### Your goal
Please reproduce the lines of the records below from the one holding "Tamiya - Wild" through the one holding "TFG Marine er", inclusive, skipping all pictures.

### Stored data
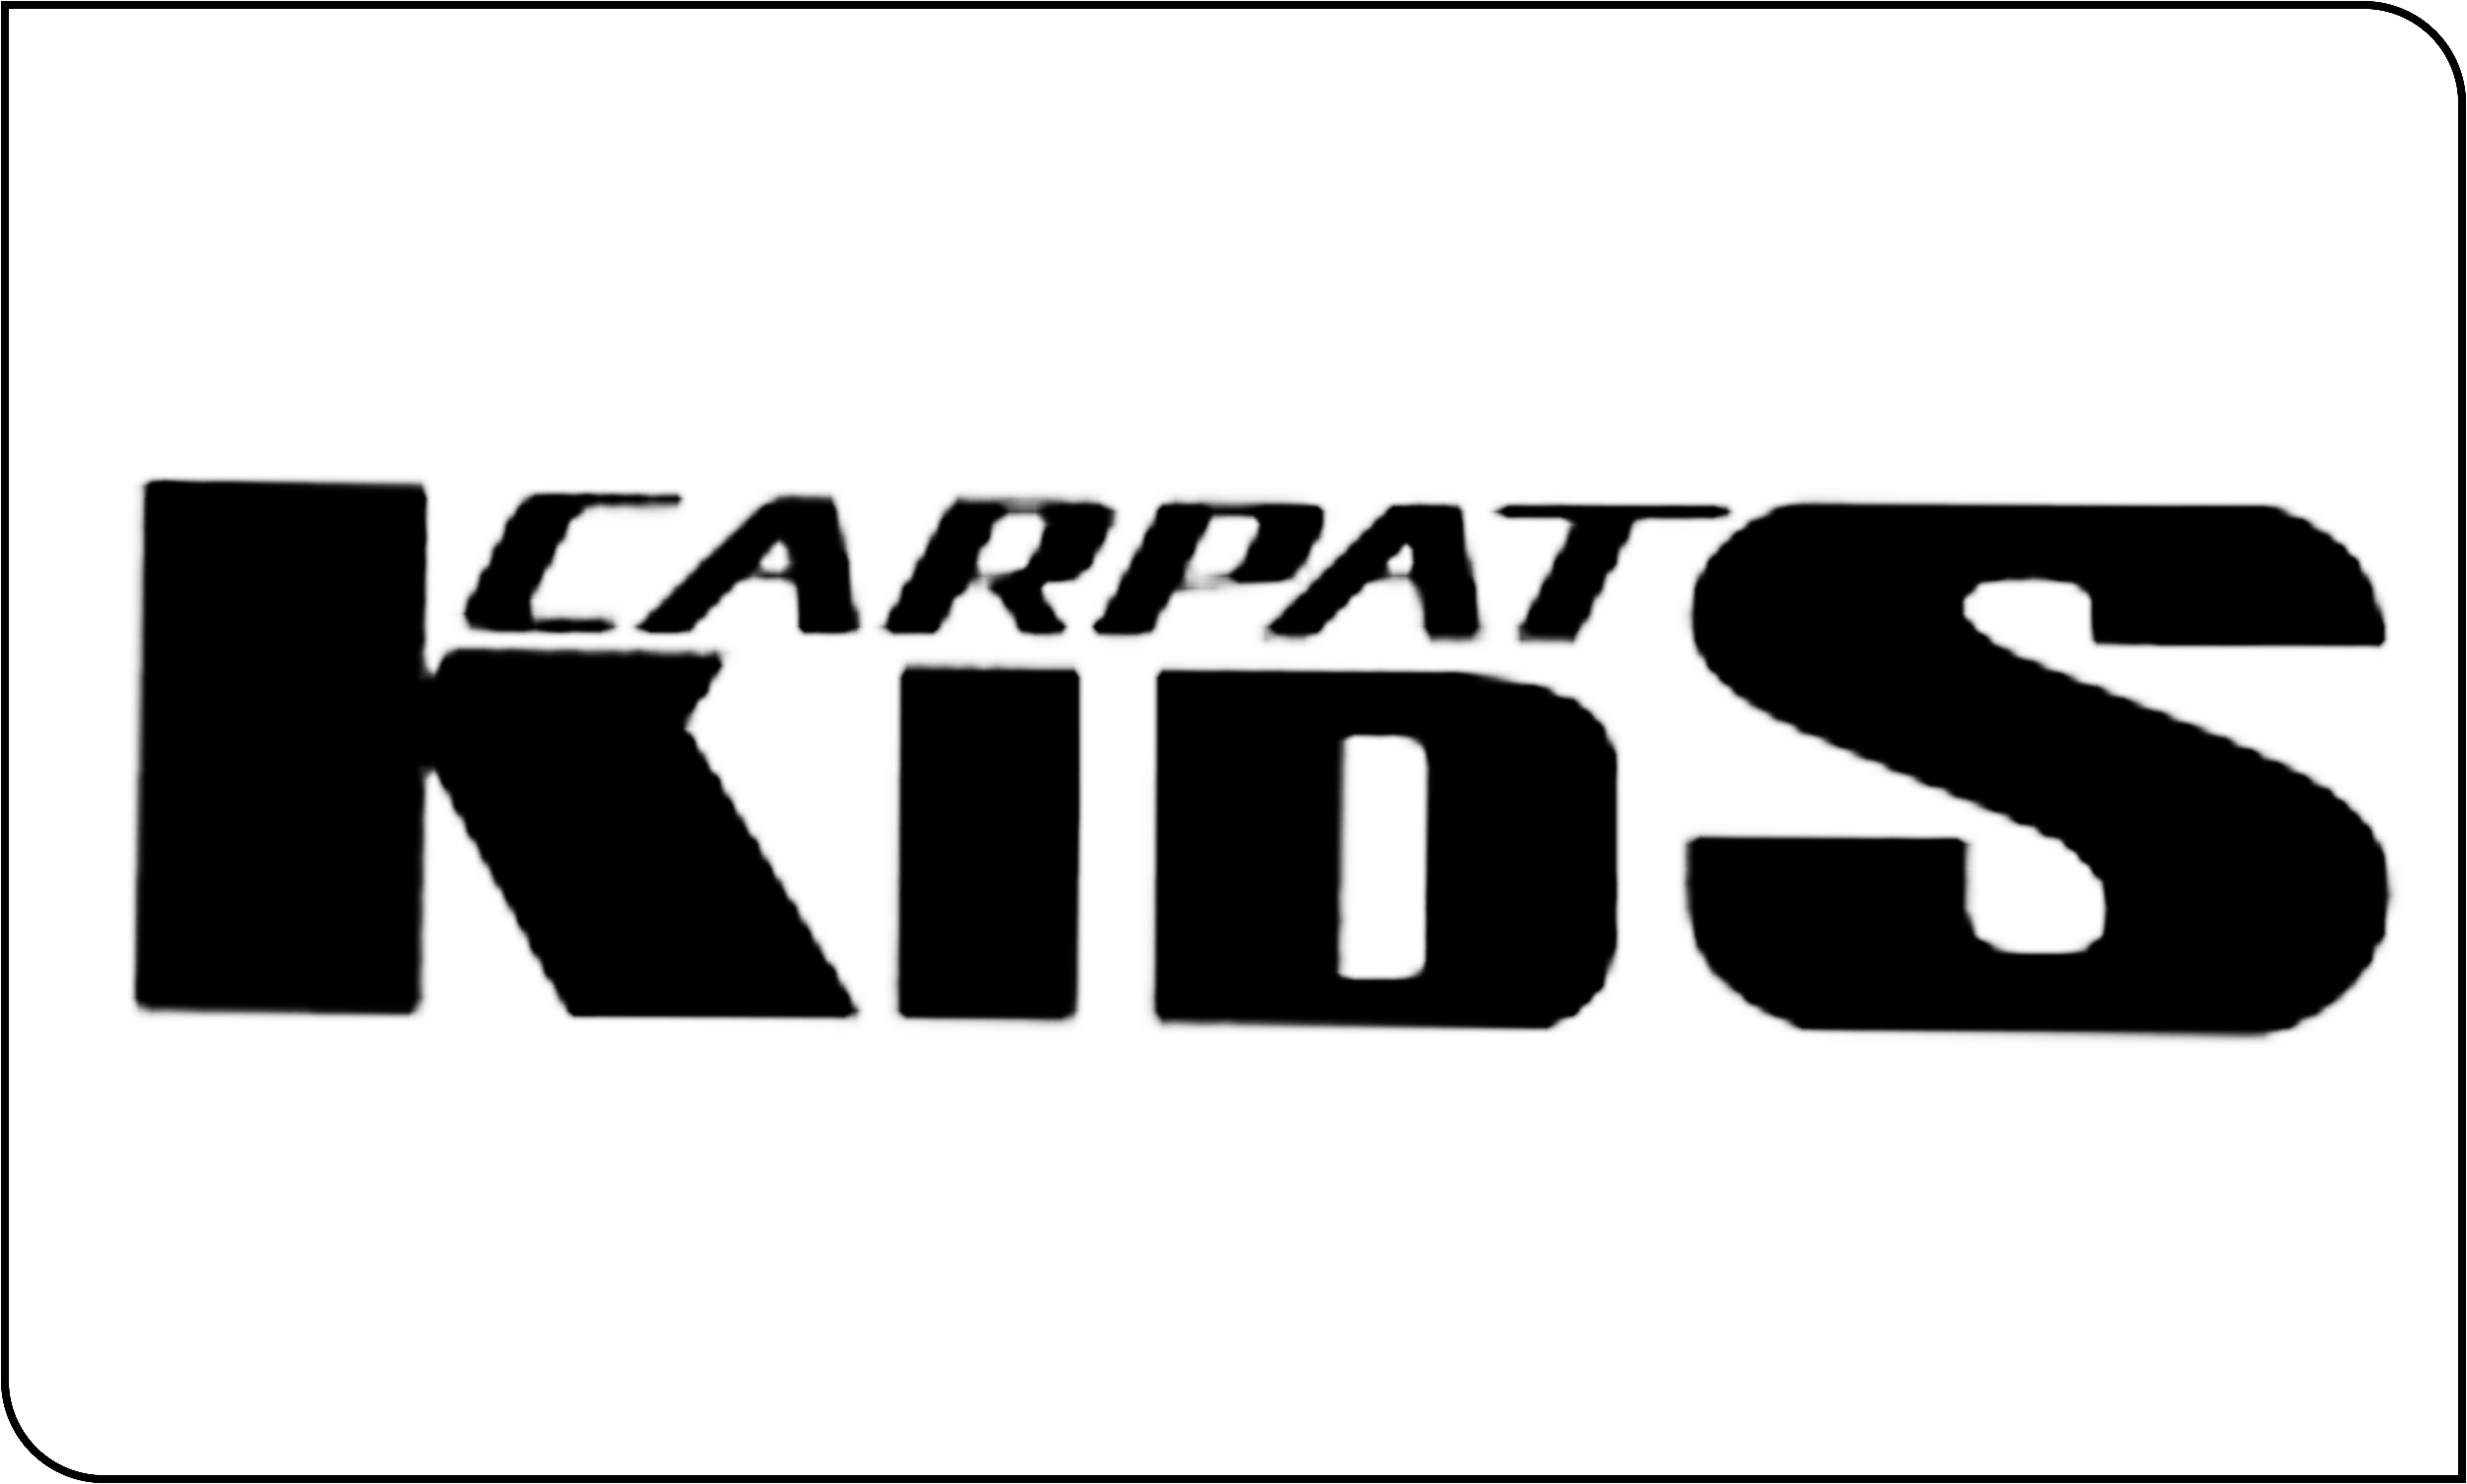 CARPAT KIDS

* * *

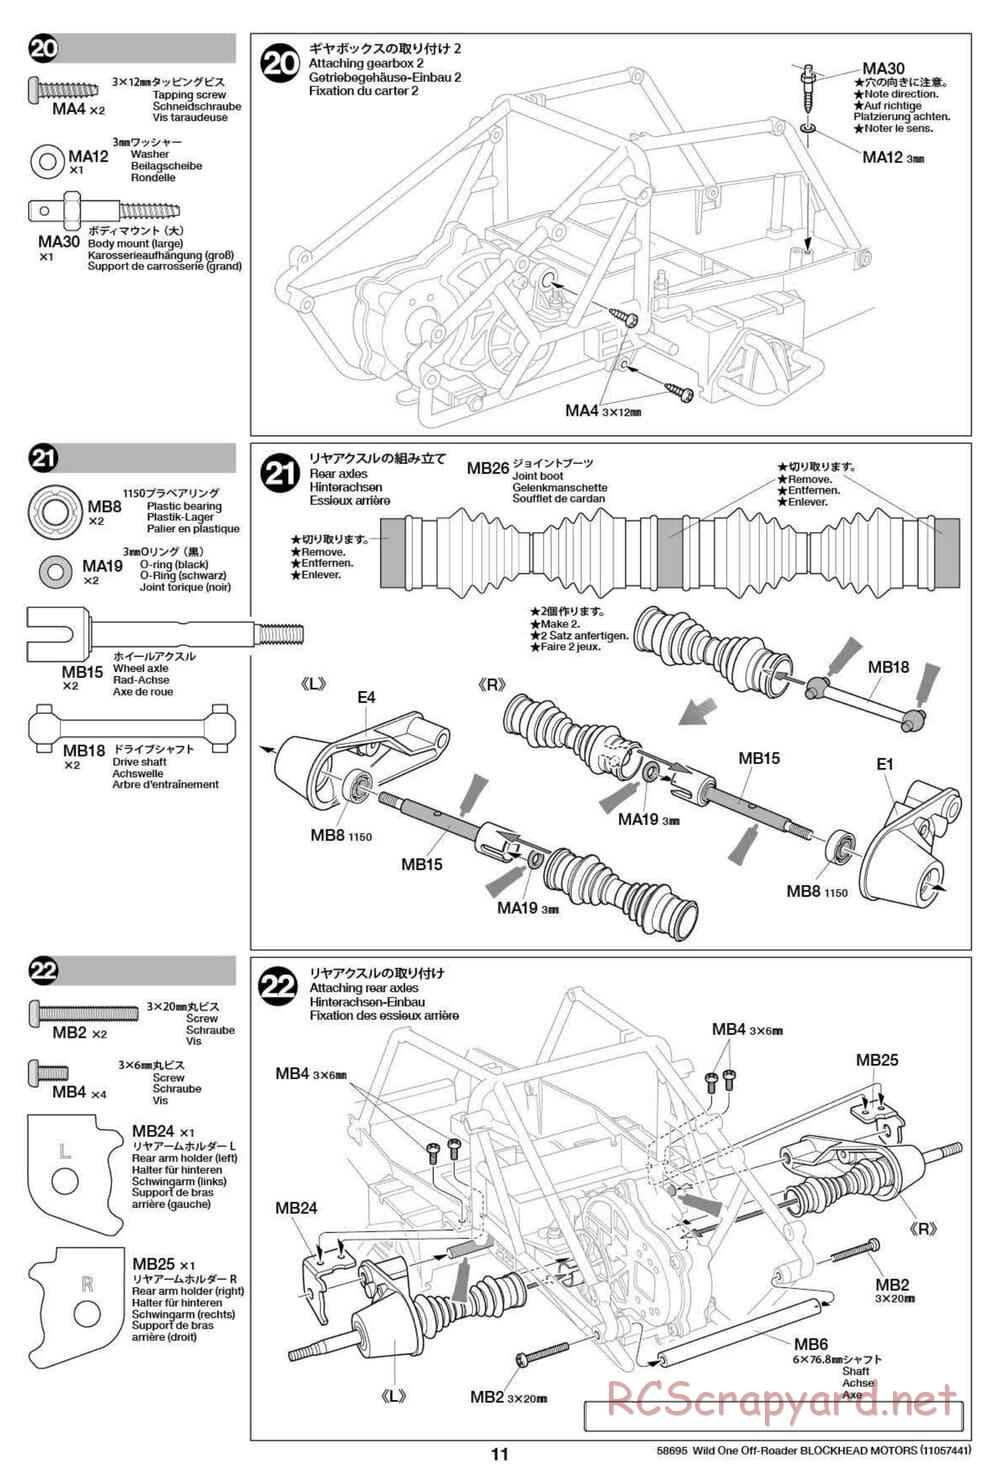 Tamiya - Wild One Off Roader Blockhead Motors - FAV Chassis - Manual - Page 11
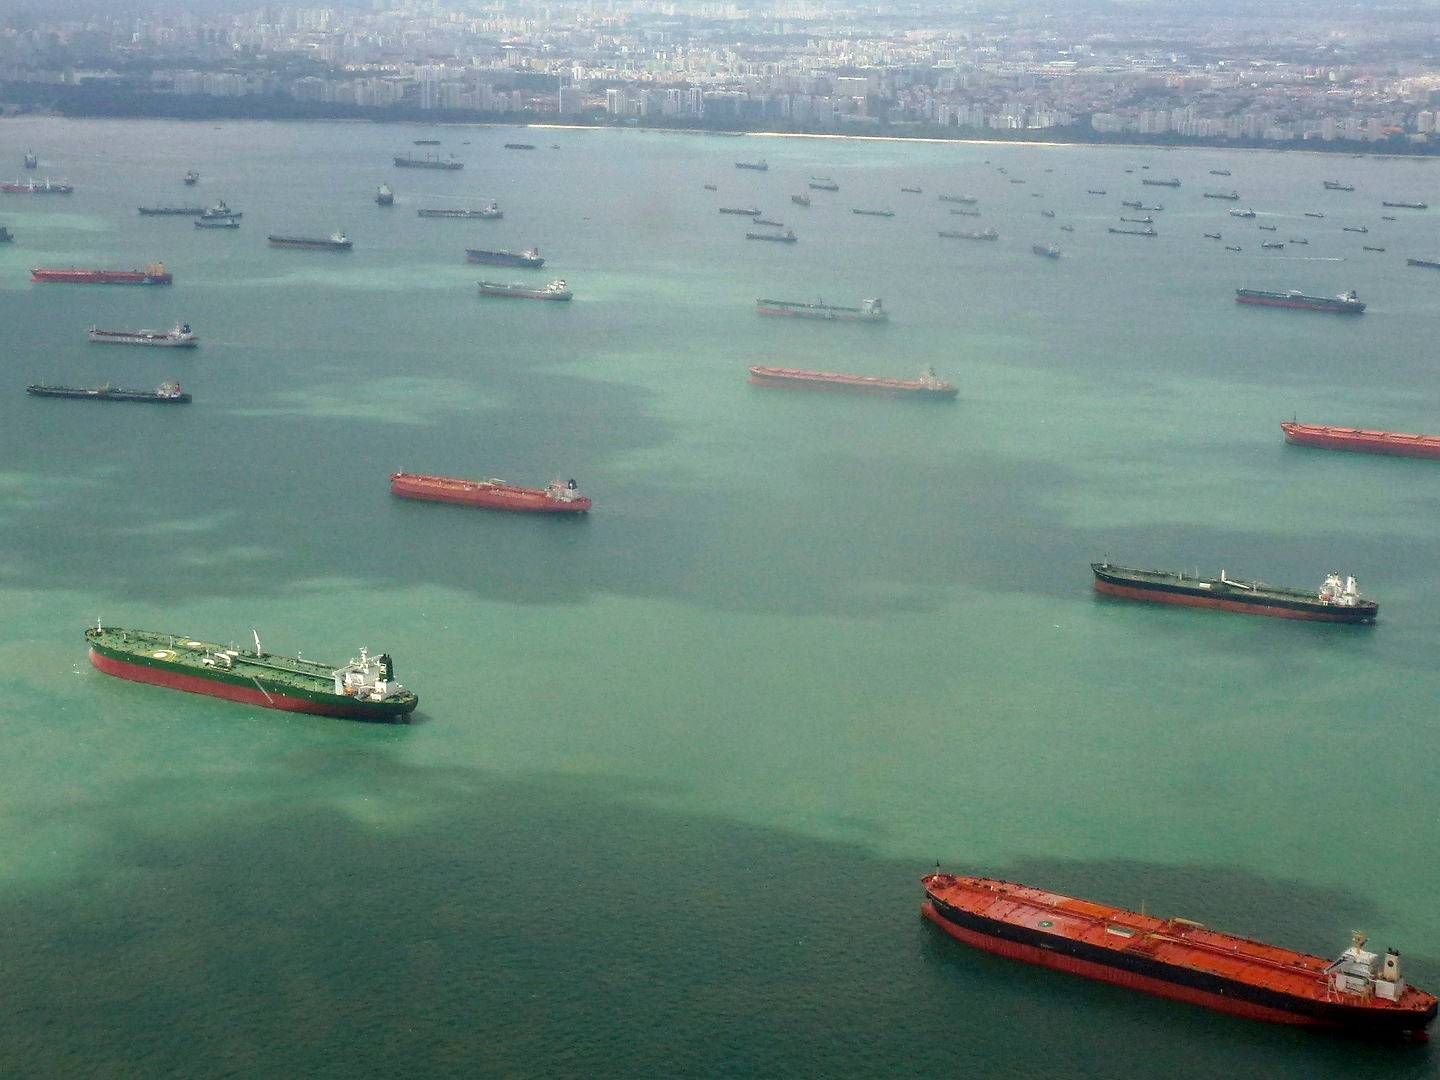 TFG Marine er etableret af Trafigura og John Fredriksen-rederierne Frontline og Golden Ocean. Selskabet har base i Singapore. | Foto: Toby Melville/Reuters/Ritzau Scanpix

---

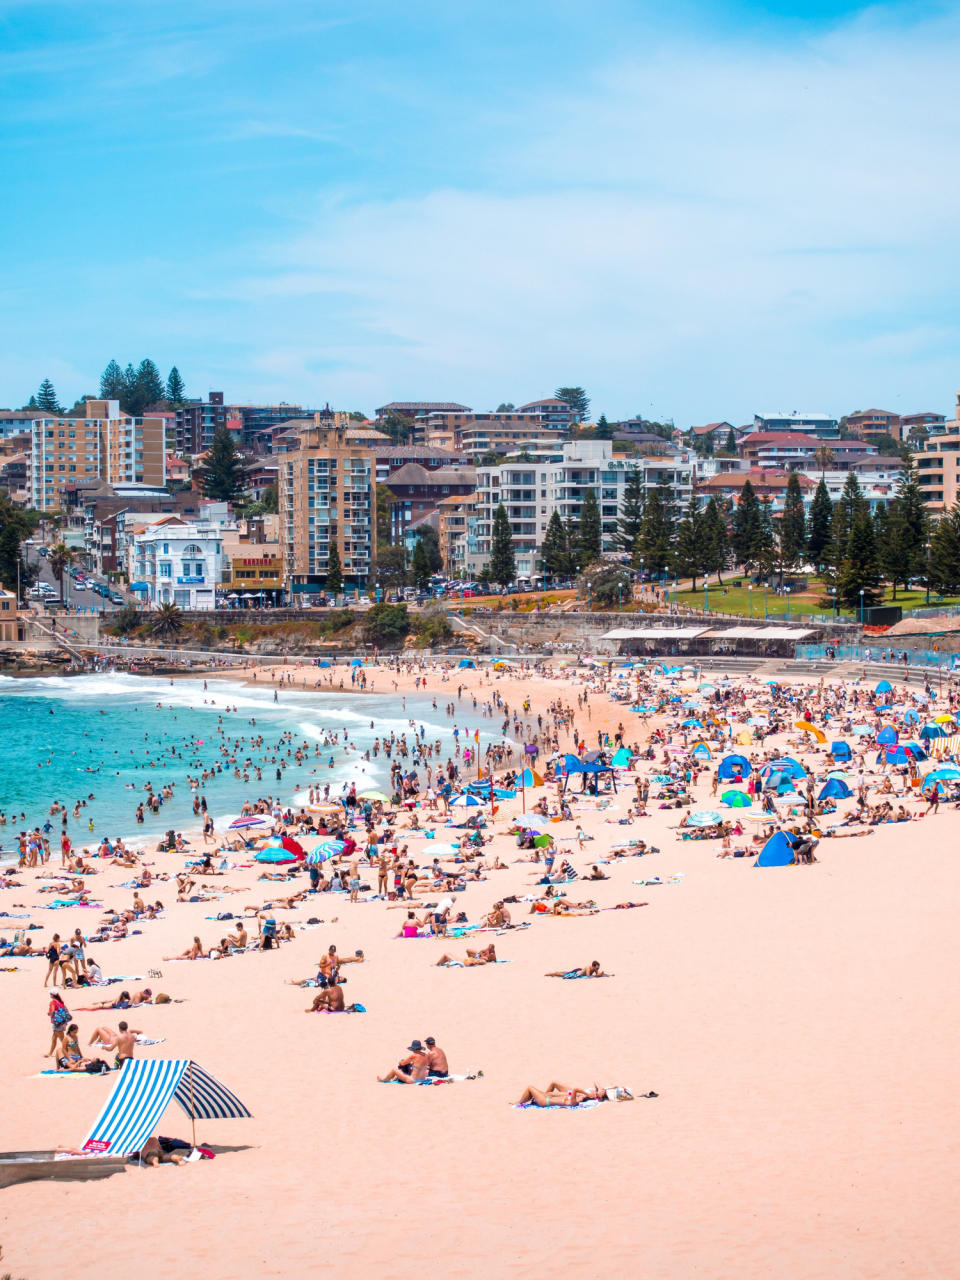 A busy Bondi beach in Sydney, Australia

### The answer
 Tamiya - Wild One Off Roader Blockhead Motors - FAV Chassis - Manual - Page 11
 TFG Marine er etableret af Trafigura og John Fredriksen-rederierne Frontline og Golden Ocean. Selskabet har base i Singapore. | Foto: Toby Melville/Reuters/Ritzau Scanpix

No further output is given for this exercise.